On review, the United States Supreme Court reversed the decision of the Florida Supreme Court. Koontz v. St. Johns Water Mgmt. Dist., — U.S.-, 133 S.Ct. 2586, 186 L.Ed.2d 697 (2013). In doing so, it concluded that an exactions taking may occur even in the absence of a compelled dedication of land and even when the unconstitutional condition is refused and the permit is denied. Id. at 2596, The Supreme Court declined to address certain state law issues raised by Appellant during that'proceeding, concluding that the resolution of those issues was more appropriately addressed to the Florida Supreme Court. Importantly, none oí the issues left open by the United States Supreme Court fell within the scope of the certified question. Accordingly, the Florida Supreme Court remanded this cause back to this court for “further proceedings consistent with [the United States Supreme Court’s] decision.”

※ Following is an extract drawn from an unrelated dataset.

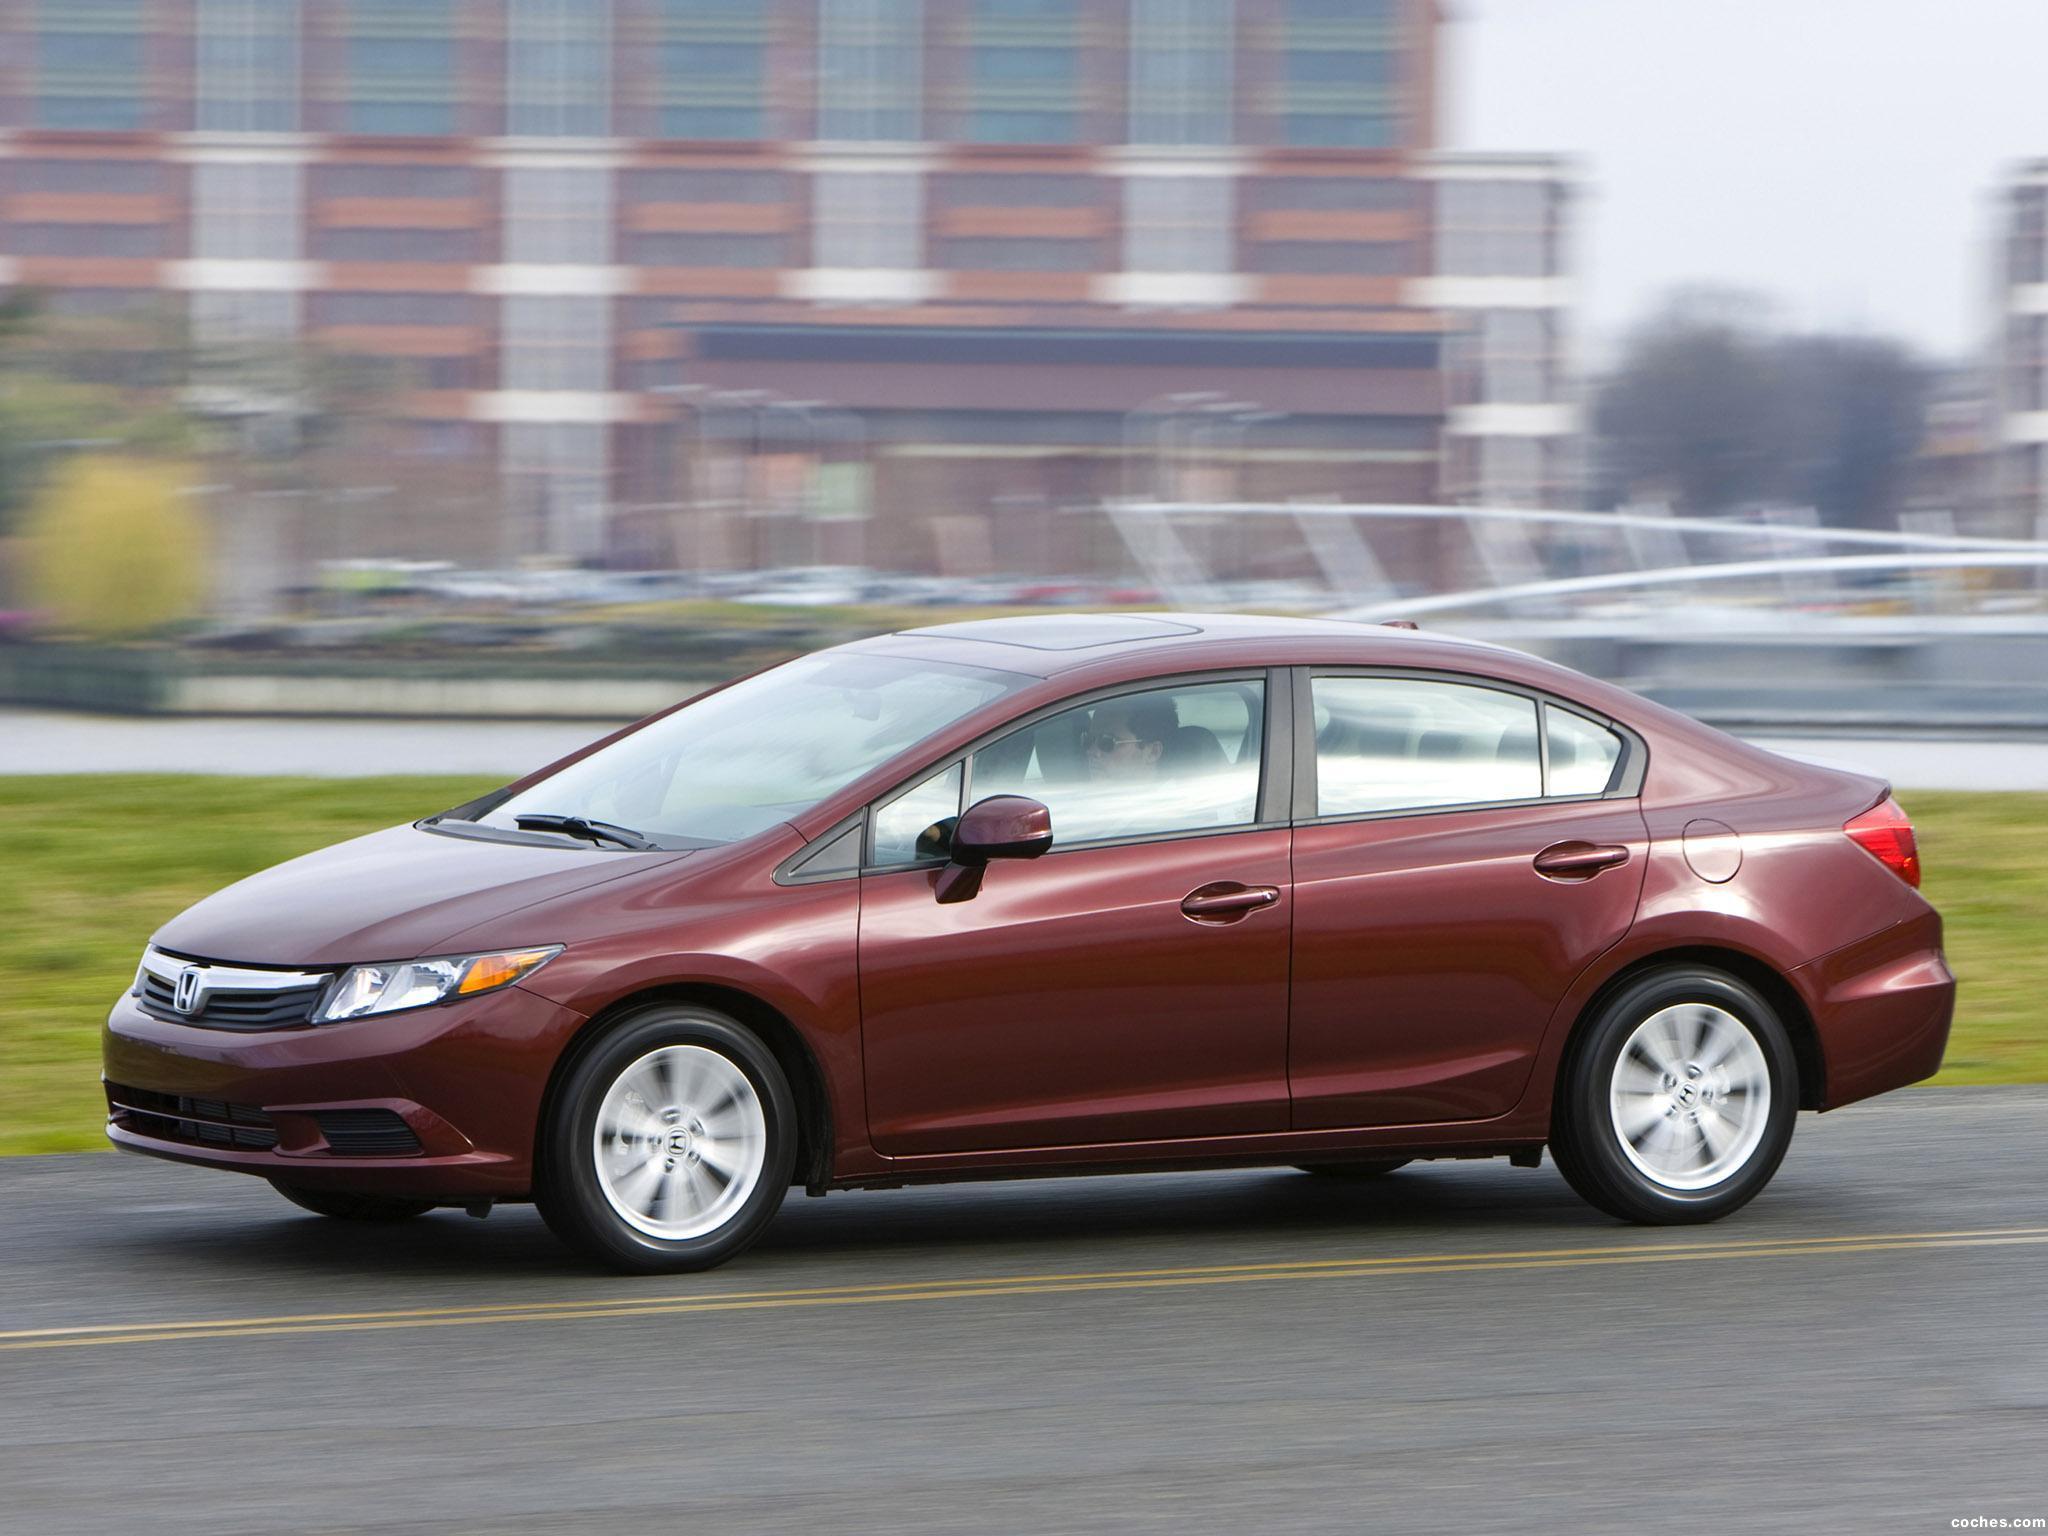 Foto 24 de Honda Civic EX-L Sedan 2011

Because our decision in Koontz IV is entirely consistent with the decision of the United States Supreme Court, we adopt and reaffirm Koontz IV in its entirety and affirm the judgment below. We deny Appellant’s request to reopen the briefing. The constitutional issues decided by the United States Supreme Court were fully briefed here, and that Court’s holding does not set forth a new legal construct with which we must re-analyze these issues. To the extent that Appellant seeks to brief the state law issues left open by the Supreme Court, we conclude that those issues were either disposed of in Koontz I or Koontz IV, or they were not preserved and presented in those proceedings.2
AFFIRMED.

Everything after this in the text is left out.